Predictive Maintenance: How Machine Learning Models Help Reduce Prevent/Repair Costs and Break Limitations of Traditional Maintenance Approaches

On the huge promise of predictive maintenance.

In industry, machinery downtime can lead to penalties, degrade a company’s core operations, and cause dire reputational damages.

It’s essential for both small enterprises and the Walmarts of the world to have a well-rounded, well-tested maintenance strategy in place to reduce the likelihood of sudden outages or breakdowns happening and mitigate all associated risks.

A proper approach to maintenance can help enhance, quickly, the overall reliability and performance of a company, while also substantially reducing the operational costs it incurs.

In 2018, Amazon had an outage that lasted for about 60 minutes and lost nearly $100m in sales as a result.

The recent proliferation of connected technologies and predictive machine learning algorithms has had a profound effect on how companies conduct their equipment management; these recent advancements have enabled firms to ditch, almost completely, the practices of traditional reactive (RM) and preventive (PM) modes of maintenance and start embracing data-driven predictive maintenance (PdM) instead.

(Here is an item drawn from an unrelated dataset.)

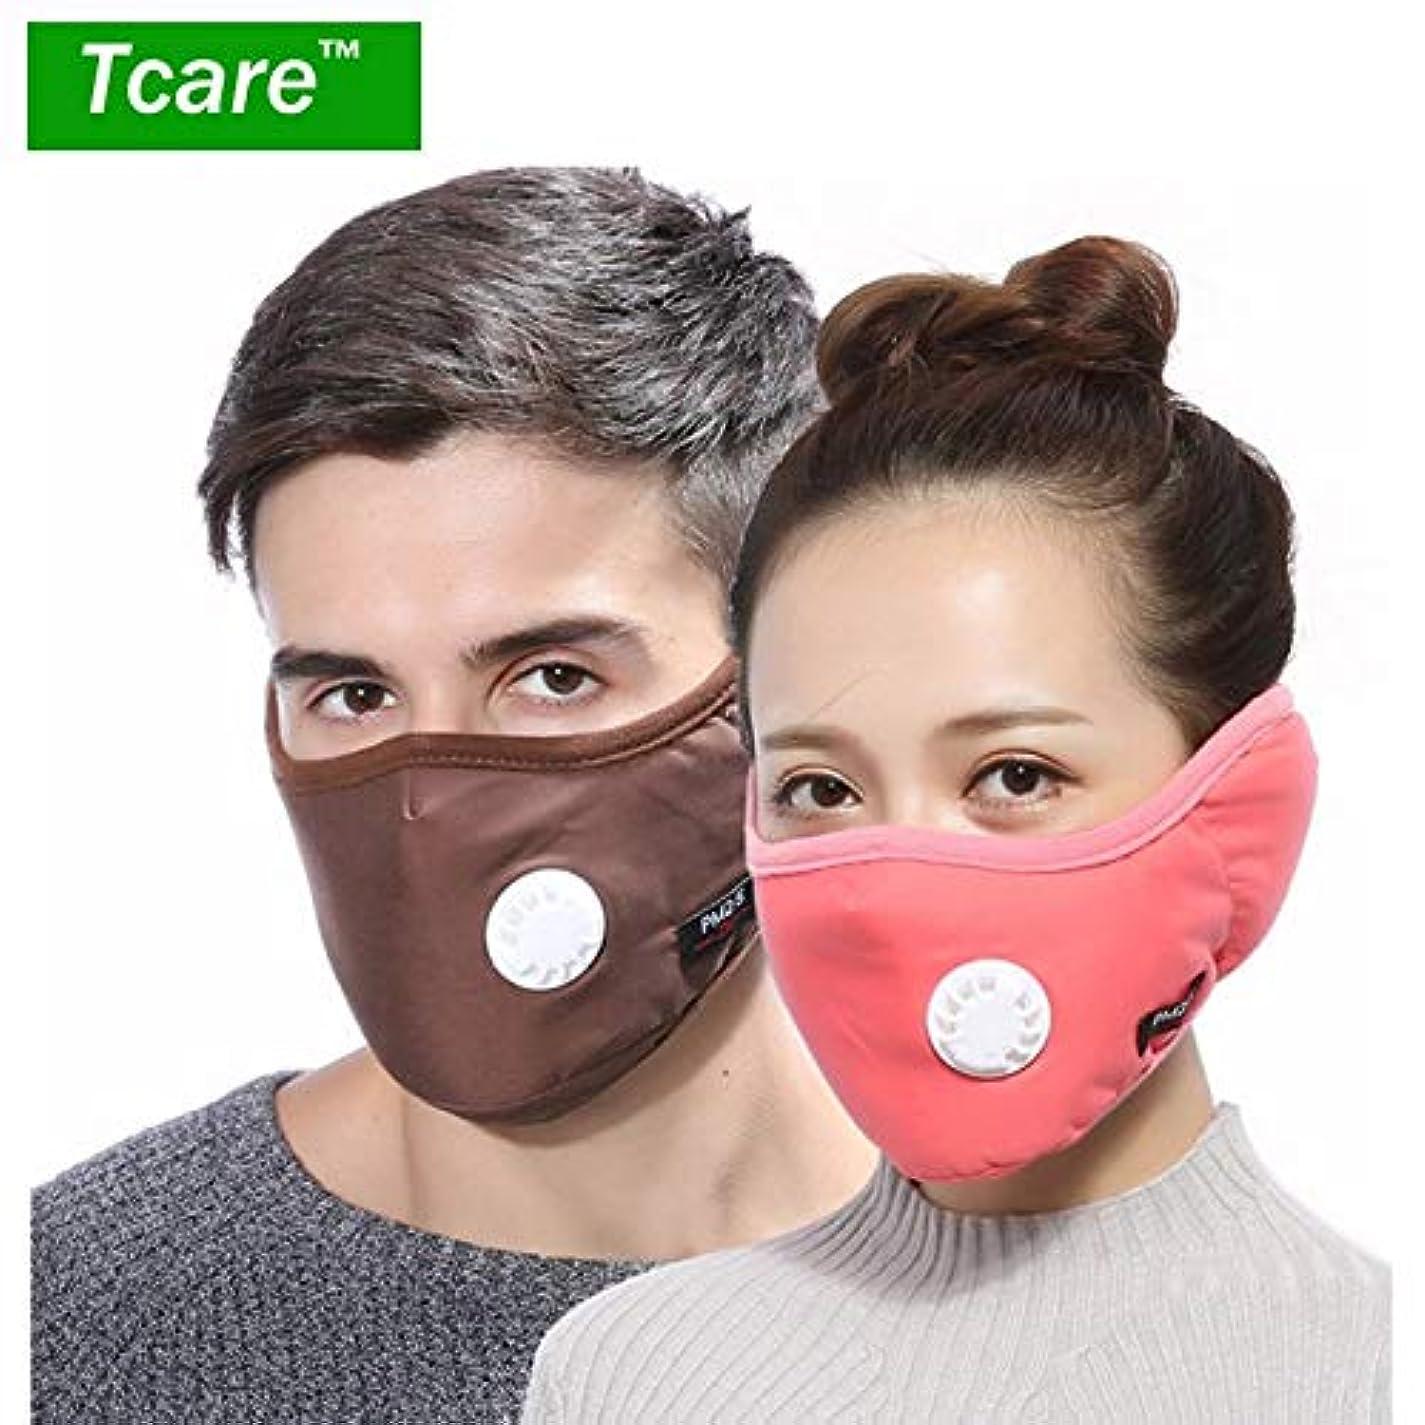 推進、動かすいう体操選手8ダークピンク:1 PM2.5マスクバルブコットンアンチダスト口マスクの冬のイヤーマフActtedフィルター付マスクでTcare 2

In this article, we’ll explain accessibly the key differences between RM, PM, and PdM and discuss some of the AI models commonly used for condition-based machinery monitoring.

So, What’s Predictive Maintenance (PdM), Preventive Maintenance, and Reactive Maintenance?

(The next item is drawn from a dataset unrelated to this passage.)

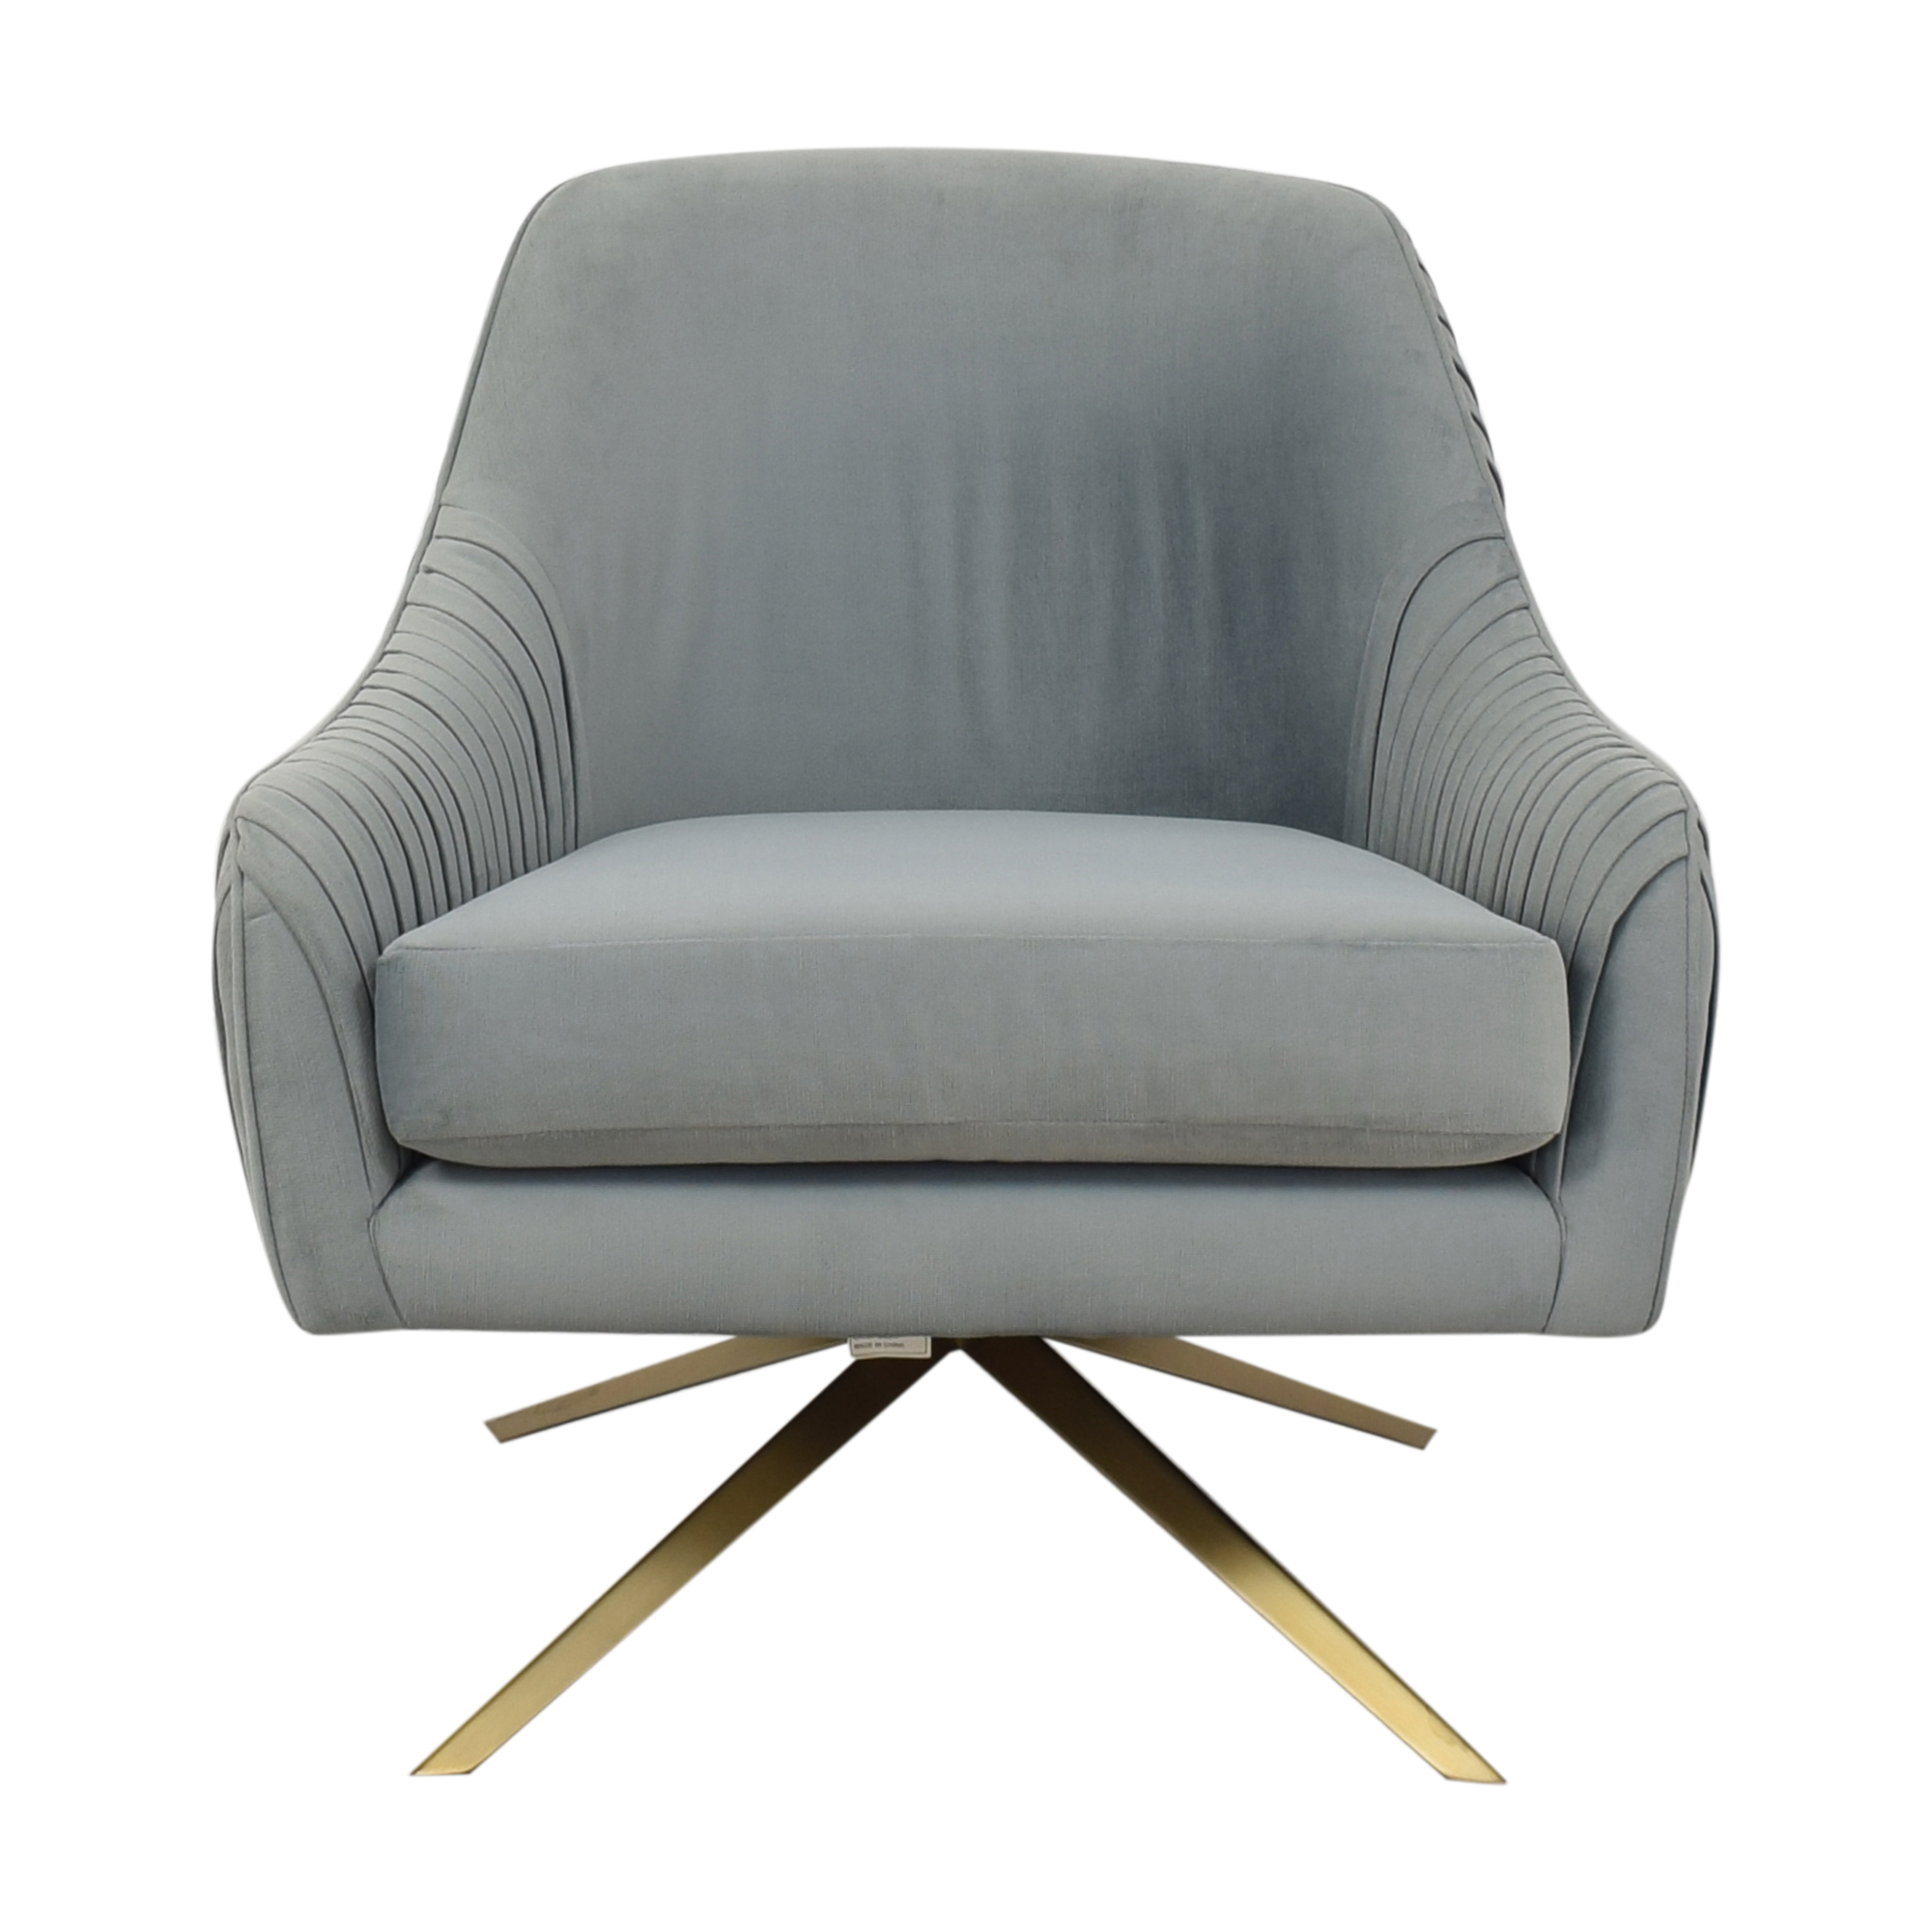 West Elm Roar & Rabbit Pleated Swivel Chair West Elm

So, What’s Predictive Maintenance (PdM)
Reactive Maintenance is when each piece of equipment at a plant is run to failure. The most appealing aspect of the method is that you get to achieve maximum utilization (receive maximum production output) and not spend a penny on maintenance until the machine fails to operate.

However, the costs of repairs after crashes tend to outweigh machines’ production output and, besides, a faulty, overheating piece of equipment can compromise the operability of other elements in the infrastructure, which might lead to additional damages.

The firms practicing RM must always either have extensive inventories of parts and components available or rely on a vendor in the vicinity who can deliver equipment promptly and thus help avoid critical operational disruptions. Neither of those options is very cost-effective.

Preventive maintenance resolves some of RM’s key issues. Using this approach means performing regular checkups on specific pieces of equipment and routinely replacing their components to decrease the probability of unexpected failures.

Those using PM must schedule and conduct maintenance activities even on fully operational devices, so, occasionally, they will spend time and resources on repairs that are completely unnecessary.

In short, the PM process consists of two steps:

  1. an investigation of equipment failure characteristics (time-series data is typically used for this)
  2. an attempt to maximize both the reliability and availability of machinery through the implementation of optimal maintenance policies.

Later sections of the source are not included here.